With half its workforce now gone, Full Circle’s ability to deliver on those promises is an open question. Live-service games are notoriously resource-intensive; they require constant updates, seasonal content drops, bug fixes, and community management to keep players engaged. Studios that launch live-service titles with insufficient staffing often find themselves caught in a vicious cycle: thin content leads to player attrition, which leads to lower revenue, which leads to further cuts. The graveyard of failed live-service games—from Anthem to Hyenas to Rumbleverse—is a stark reminder of how unforgiving the model can be.

What Remains of the Dream

Despite the layoffs, EA has indicated that development on skate. will continue. The game remains in active playtesting, and the company has not announced a cancellation. But the reduced team size will almost certainly affect the scope and timeline of the project. Features that were planned may be scaled back. The cadence of updates post-launch may slow. And the community goodwill that Full Circle painstakingly built through years of transparent development could erode quickly if players sense that the game is being released in a diminished state.

For the affected employees, the immediate concern is more personal. The gaming industry’s job market remains saturated with talent displaced by layoffs, making re-employment a difficult prospect. Vancouver, while home to a vibrant game development scene that includes studios like EA Vancouver, Relic Entertainment, and various smaller outfits, has itself been hit by closures and reductions. Several laid-off Full Circle employees have posted their availability on LinkedIn and X, hoping to connect with studios that are still hiring.

A Test Case for Publisher-Developer Relationships

The Full Circle situation is, in many ways, a test case for how major publishers manage smaller, mission-driven studios within their corporate structures. EA created Full Circle with a clear mandate and gave it a degree of creative independence that is unusual for a publisher of its size. The studio’s community-first approach was celebrated as a refreshing departure from the opaque, marketing-driven development cycles that characterize most AAA projects. But when the financial winds shifted, that independence offered no protection. The same corporate machinery that greenlit the studio’s creation could—and did—cut it down to size without apparent regard for the unique culture and approach that made it distinctive.

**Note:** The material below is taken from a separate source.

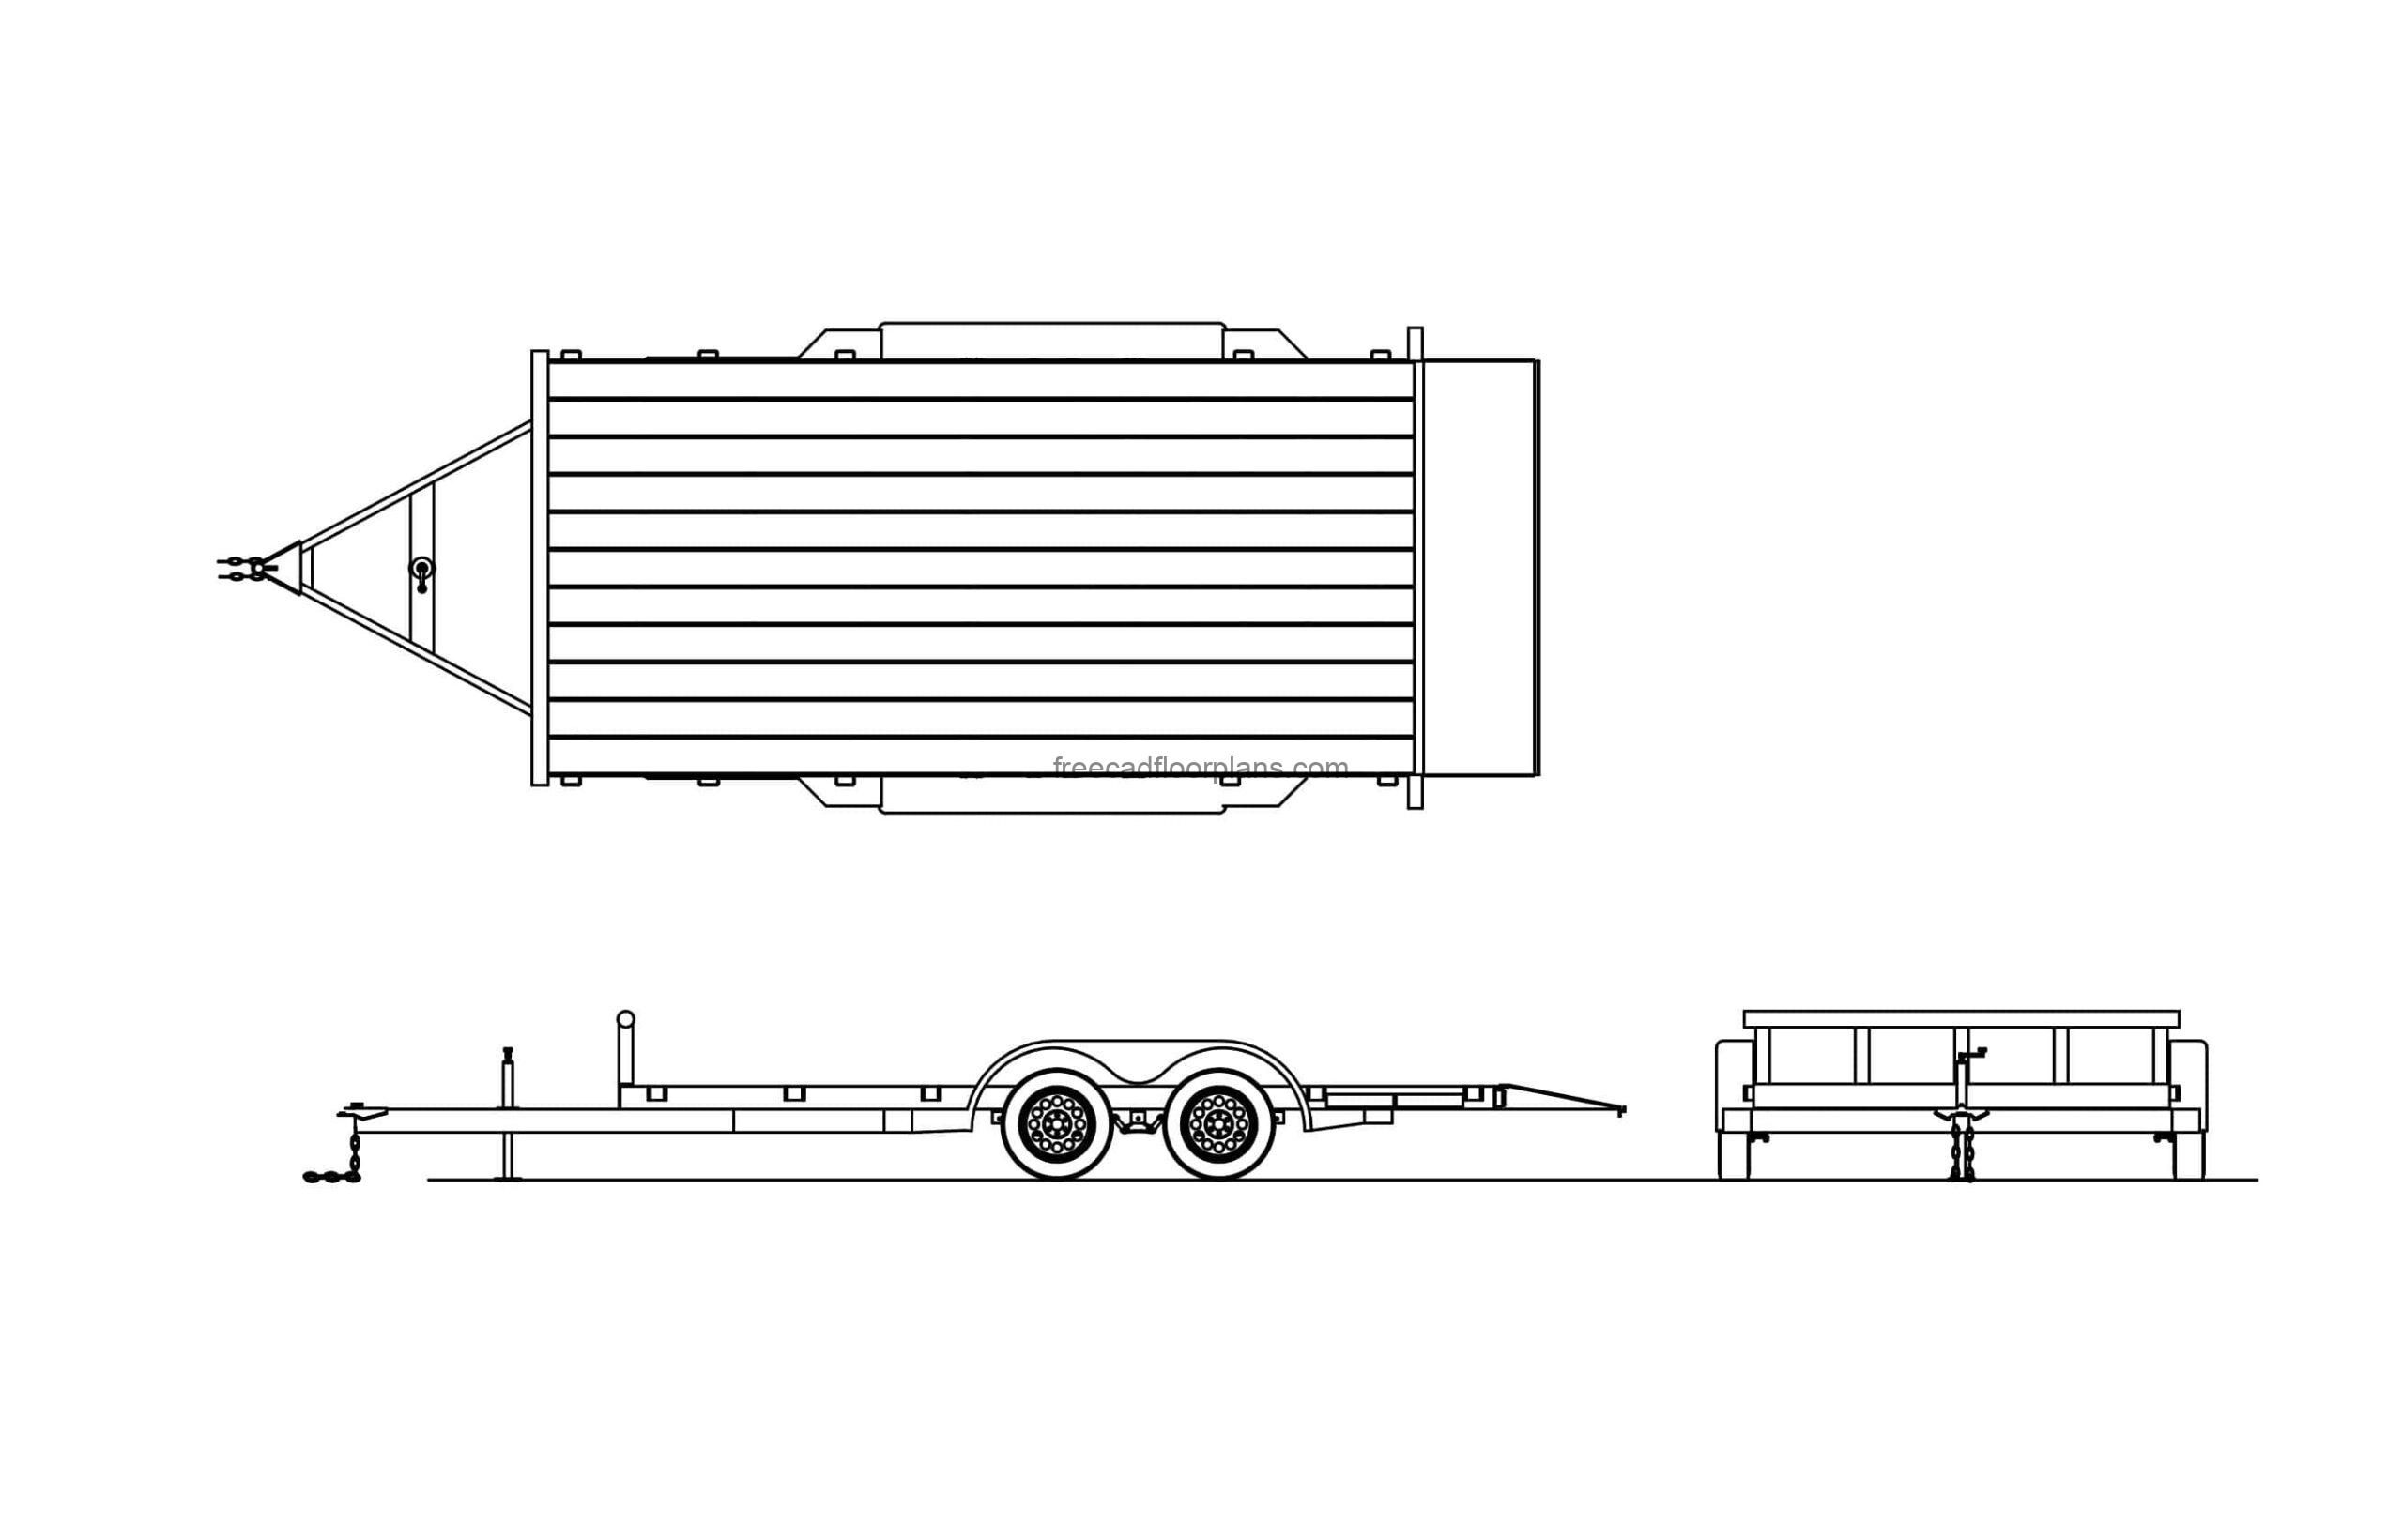 18' Car Trailer cad block 2d drawings, plan and elevations view, dwg file for free download

Whether skate. ultimately succeeds or fails, the story of Full Circle will be studied by industry observers for years to come. It raises uncomfortable questions about the sustainability of the live-service model, the human cost of corporate restructuring, and the tension between creative ambition and financial discipline. For the fans who spent a decade asking for a new Skate game, the layoffs are a sobering reminder that even the most passionate advocacy cannot insulate a project from the cold logic of a balance sheet. And for the developers who poured their talent and energy into making that dream a reality, the loss is far more than professional—it is deeply personal.